The problem is they are advertising as creating a product of future leaders, but the truth is they are creating "Has Been" leaders in that more and more businesses have created a culture of Inclusion, which the future graduates of Morehouse College will NOT be in a position to accept. The graduates will be behind the learning curve of graduates from other colleges and universities.

And when you consider the likes of MLK Jr., If I remember correctly, his wife has said the MLK Jr. would be a big supported of LGBT Rights if he were alive today. Which indicates that Morehouse is no longer capable of turning out the likes of MLK Jr.

Morehouse should have said, "If you are going to dress like a woman, then you must dress like a business woman."


I agree that the government should not get involved in policing how an institution designs it's image. However, once it gets to the point of discrimination, isn't that what non-discrimination laws are for?
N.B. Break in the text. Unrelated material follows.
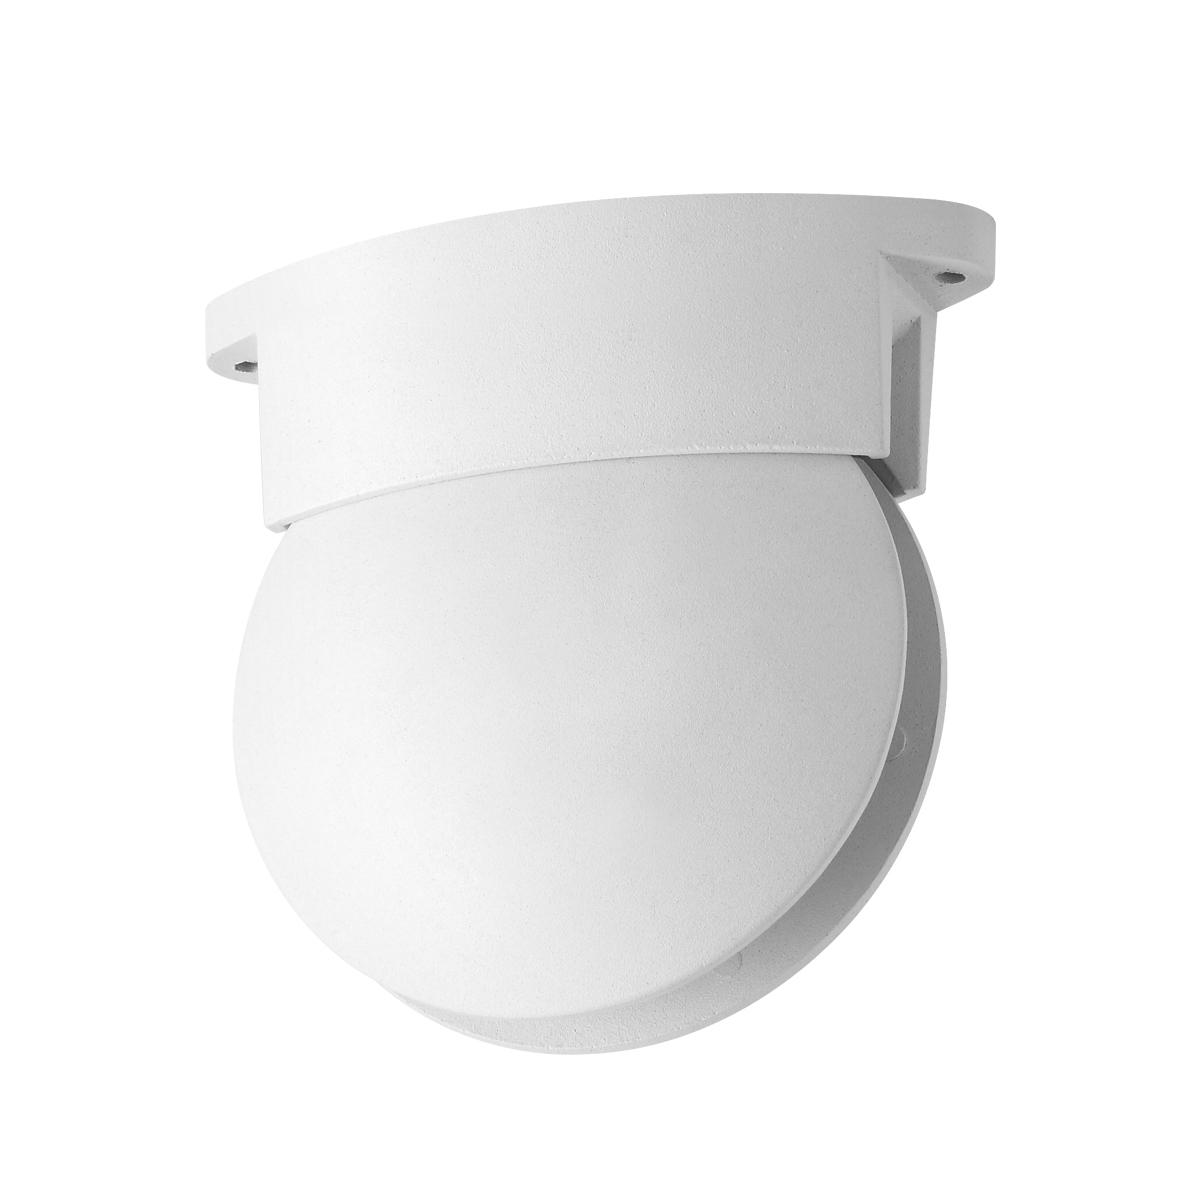 Настенный светодиодный светильник с пультом ДУ Odeon Light Arrow 3916/9CL, IP65, 4000K/RGB (дневной) - фото 3

Should country clubs be allowed to only accept white men so long as they remain financially stable?

I understand that certain uses of discrimination are deemed okay (such as sex segregated schools or bona fide occupational qualifications), but the laws are more then just about accepting federal grants. My corner store would not be allowed to put up a "whites only" sign, even though they don't take any federal grants either. Considering that gender identity non-discrimination is one of the goals we're fighting for, what's the difference?

You bring up a good point here: at what point is discrimination justified, and at what point is it illegal?
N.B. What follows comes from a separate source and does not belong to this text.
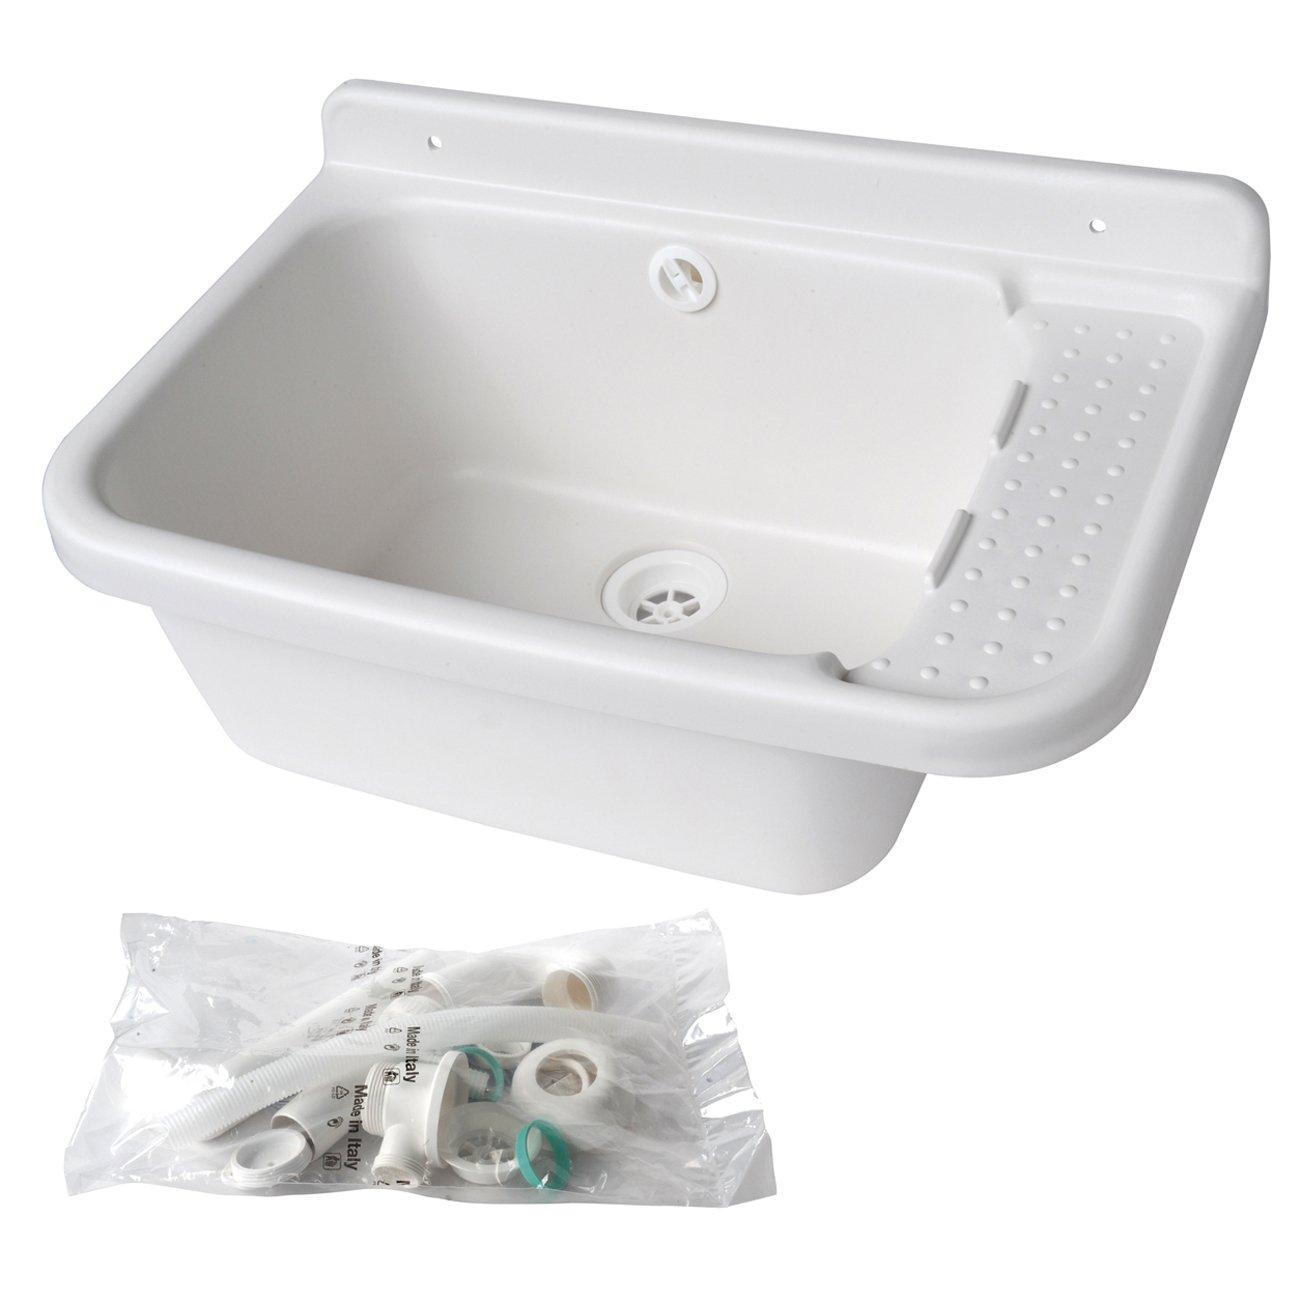 The Ventilation lavsg60-y Sink pilozzo in Resin, White, 600x 420x 300mm by La Ventilazione

I forget the precise clauses involved in discrimination law, but I do know that certain institutions are allowed to discriminate based on tradition or the degree of privacy they maintain. This means that the precise nature of the law s always in flux: as a simple example, St. Elmo's Steakhouse in Indianapolis maintains a tradition of hiring only men as waiters. The place is both old enough to predate sex discrimination laws, and claims that male waiters are a prerequisite of maintaining their old-world charm.

Gender identity at a single-sex institution gets _very_ messy. (Trust me, I ran through the scenarios during my tenure at Wabash.) Any actual legal movement toward being accepted as female would, by default, make you no longer eligable for the school. As a trans person, I'm simultaneously saddened by this idea, and understanding that they can't make that kind of exception if they wish to mainain their all-male creed.
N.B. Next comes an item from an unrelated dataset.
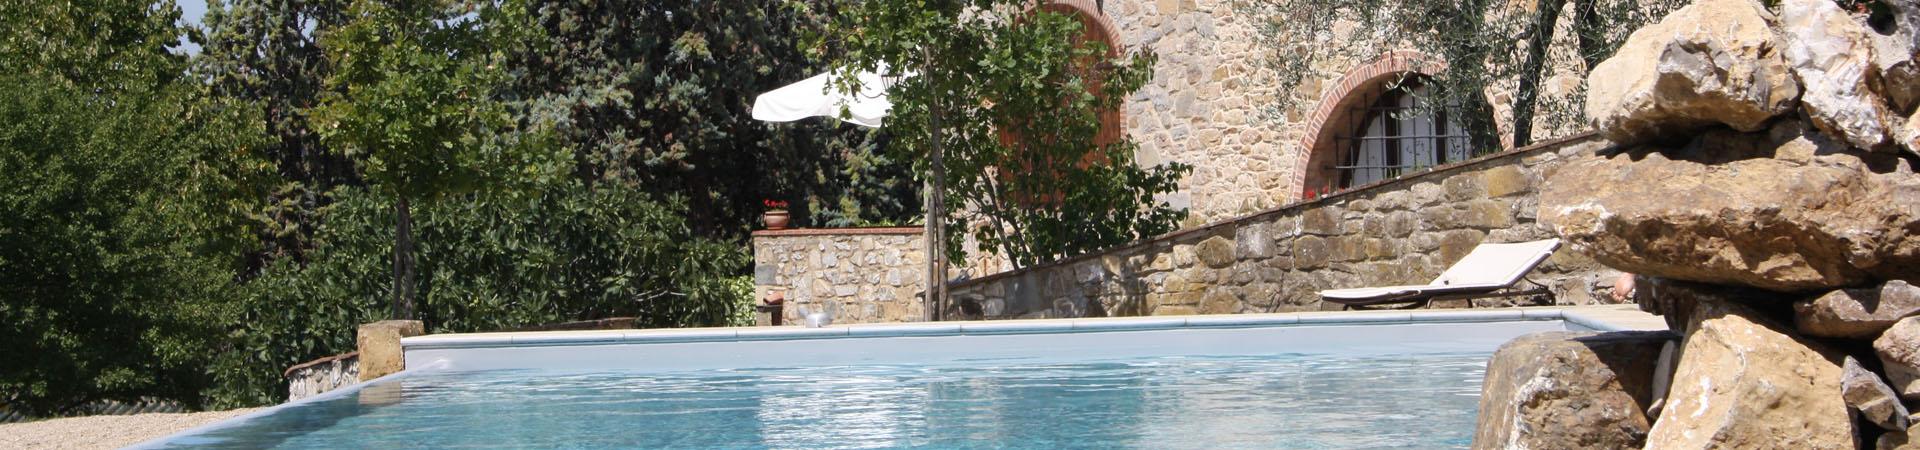 Ferienhaus Chianti 2

I haven't mentioned the Morehouse rule in this conversation: it, in many ways, restricts the free-speech rights of students. (What if one of the kids performed drag every month at a local club, for example>?) However Morehouse has always impinged upon the freedoms of their students, restricting many other types of clothing in an attempt to create business-professional men. The guys going to that college voluntarily sign a wavier stating that they agree to abide by these rules.

This case does bring up a glaring exception, as students are already knee-deep in classes and cann't exactly decide to stop going to Morehouse without significant financial harm. (This means nothing if the contract also contained a clause stating that administration withheld the right to change the contract.) Even still we would have no legal recourse due to the reasons mentioned above: tradition and grandfather clauses.

I hate the Morehouse crossdressing policy, and I want to see it removed as soon as possible. Unfortunately, since we aren't donation-making alumni, I don't think we can do much more than blow whistles and hope for their good graces to prevail.

Aren't there still universities/colleges that are women-only?

Yes, there are actually quite a few female colleges. All-male colleges became integrated single-sex institutions as feminism pushed for more equality in education. (Hard to get numbers when you're seen as a sexiist college; its an image problem that all-female colleges didn't have to deal with. They are seen as "empowering.") Its too bad, too: numerous educational studies have shown that single-sex educational environments correlate with some good performance factors.

(Ironically, I'm a _huge_ fan of my Alma Mater. ;) )

Hampden Sydney College in Farmville, VA is all male.